Опрятно одетые канадцы проходили с громким смехом. Молчаливо шли японцы, похожие на вырезанные из брюквы фигурки. Пели шпорами сереброгалунные атамановцы.

В гранит устало упиралось море. Влажный, как пена, ветер, пахнущий рыбой, трепал волосы. В бухте, как цветы, тканные на ситце, пестрели серо-лиловые корабли, белоголовые китайские шкуны, лодки рыбаков.

— Кабак, а не Расея!

Матрос подпрыгнул упруго. Рассмеялся:

— Подожди, мы им холку натрем!

— Пошли? — спросил Знобов.

— Айда, посуда!

Они подымались в гору Пекинской улицей.

Из дверей домов пахло жареным мясом, чесноком, маслом. Два китайца-разносчика, поправляя на плечах кипы материй, туго перетянутые ремнями, глядя на русских, нагло хохотали.

Знобов сказал:

— Хохочут, черти! А у меня в брюхе-то как новый дом строят. Да и ухнул он взял! Дал бы нормально по носу, суки!..

Матрос повел телом под скорлупой рубахи и кашлянул.

— Кому как!

Похоже было — огромный приморский город жил своей привычной жизнью.

Но уже томительная тоска поражений наложила язвы на лица людей, на животных, дома. Даже на море.

Видно было, как за блестящими стеклами кафе затянутые во френчи офицеры за маленькими столиками пили торопливо, точно укалывая себя рюмками, коньяк. Плечи у них устало искривлены…

Худые, как осиновый хворост, изморенные отступлением лошади, расслабленно хромая, тащили наполненные грязным бельем телеги. Его эвакуировали из Омска по ошибке, вместо снарядов и орудий. И всем казалось, что белье это с трупов.

Глаза с болью смотрели на дома, полуразрушенные во время восстания.

И другое, инаколикое, чем всегда, плескалось море.

И по-иному из-за далекой овиди, тонкой и звенящей, как стальная проволока, задевал крылом по городу зеленый океанский ветер.

Матрос неторопливо и немного франтовато козырял.

— Не боишься шпиков-то? — спросил он Знобова.

Знобов думал о японцах и ответил немного торопливо:

— А нет. У меня другое на сердце. Сначала боялся, а потом привык. Теперь большевиков ждут, мести боятся, знакомые-то потому и не выдают.

Он ухмыльнулся:

— Сколько мы страху человекам нагнали! В десять лет не изживут.

— И сами тоже хватили!

— Да-а!.. У вас арестов нету?!

— Троих взяли.

— Да-а… Иди к нам в сопки.

— Камень, лес. Не люблю… скучно.

— Это верно. Домов из такого камня хороших можно набухать. А то валяется он без толку: ни жрать, ни под голову. Мужику ничего, а мне тоже скучно. Придется нам, однако, в город наступать.

— Валяйте. Вершинин как мыслит?

— Вершинин — туча, куда ветер — там и он с дождем. Куда мужики — значит, и Вершинин…

XI

Председатель подпольного революционного комитета товарищ Пеклеванов, маленький веснушчатый человек в черепаховых очках, очинял ножичком карандаш. На стеклах очков остро, как лезвие ножичка, играло солнце и будто очиняло глаза, и они блестели по-новому.

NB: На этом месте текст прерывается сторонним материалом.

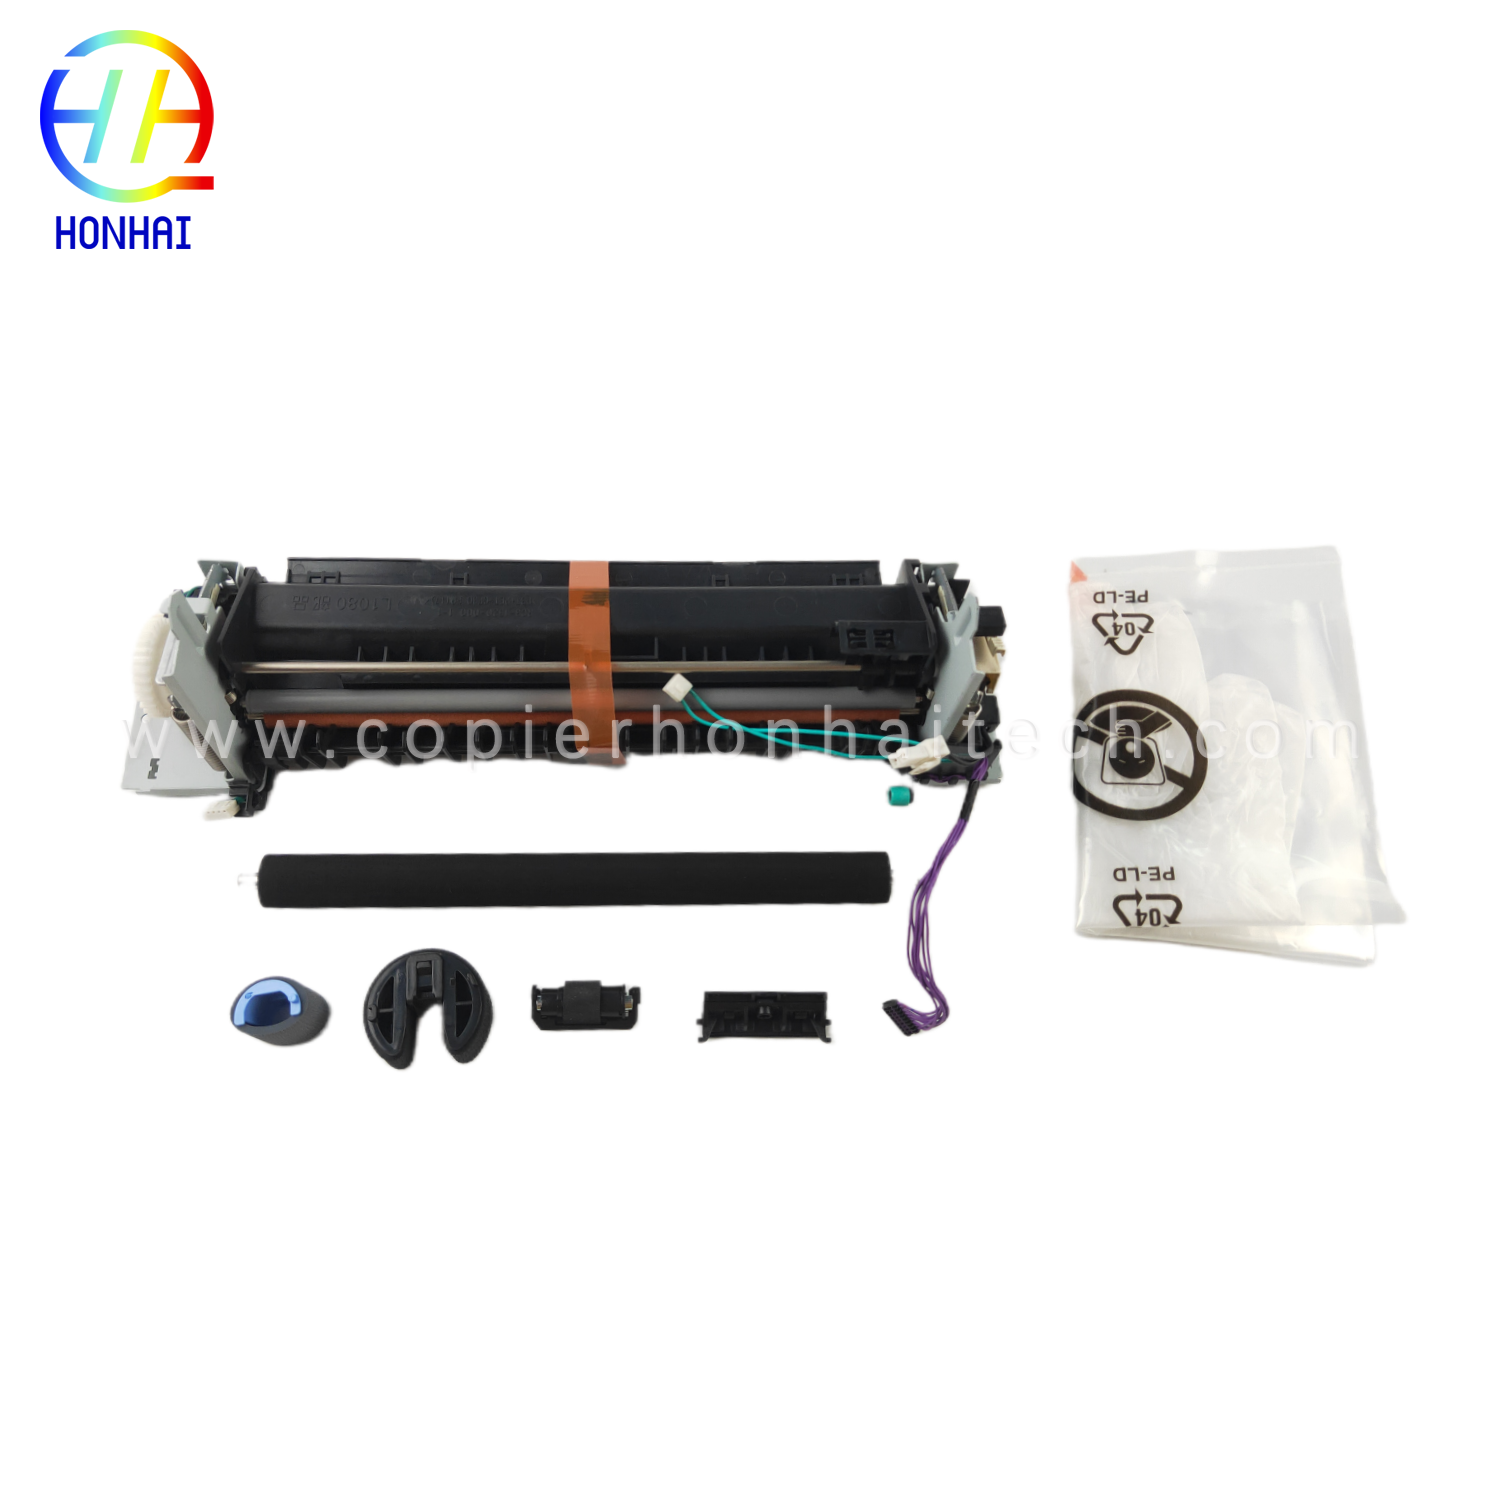 https://www.copierhonhaitech.com/origen-95-new-maintenance-kit-for-hp-laserjet-pro-400-color-mfp-m475dn-product/

— Вы часто приходите, товарищ Знобов, — сказал Пеклеванов.

Знобов положил потрескавшиеся от ветра и воды пальцы на стол и туго проговорил:

— Народ робить хочет.

— Ну?

— А робить не дают. Объяростели. Гонют. Мне и то неловко, будто невесту богатую уговариваю.

— Мы вас известим.

— Ждать надоело. Хуже рвоты. Стреляй по поездам, жги, казаков бей… Бронепоезд тут. Японец чисто огонь — не разбират: все жгет.

— Японцы уйдут. Угоним…

— Знаем. Кабы не угнать, за что умирать. Мост взорвать хочут.

— Прекрасно. Инициативу нужно, нужно. Чудесно!

— Снаряду надо и человека со снарядами тоже. Динамитного человека надо.

— Пошлем. И человека и динамит. Действуйте.

Помолчали. Пеклеванов жарко, истощенно дышал.

— Дисциплины в вас нет.

— Промеж себя?

— Нет, внутри.

— Ну-у, такой дисциплины теперь ни у кого нету…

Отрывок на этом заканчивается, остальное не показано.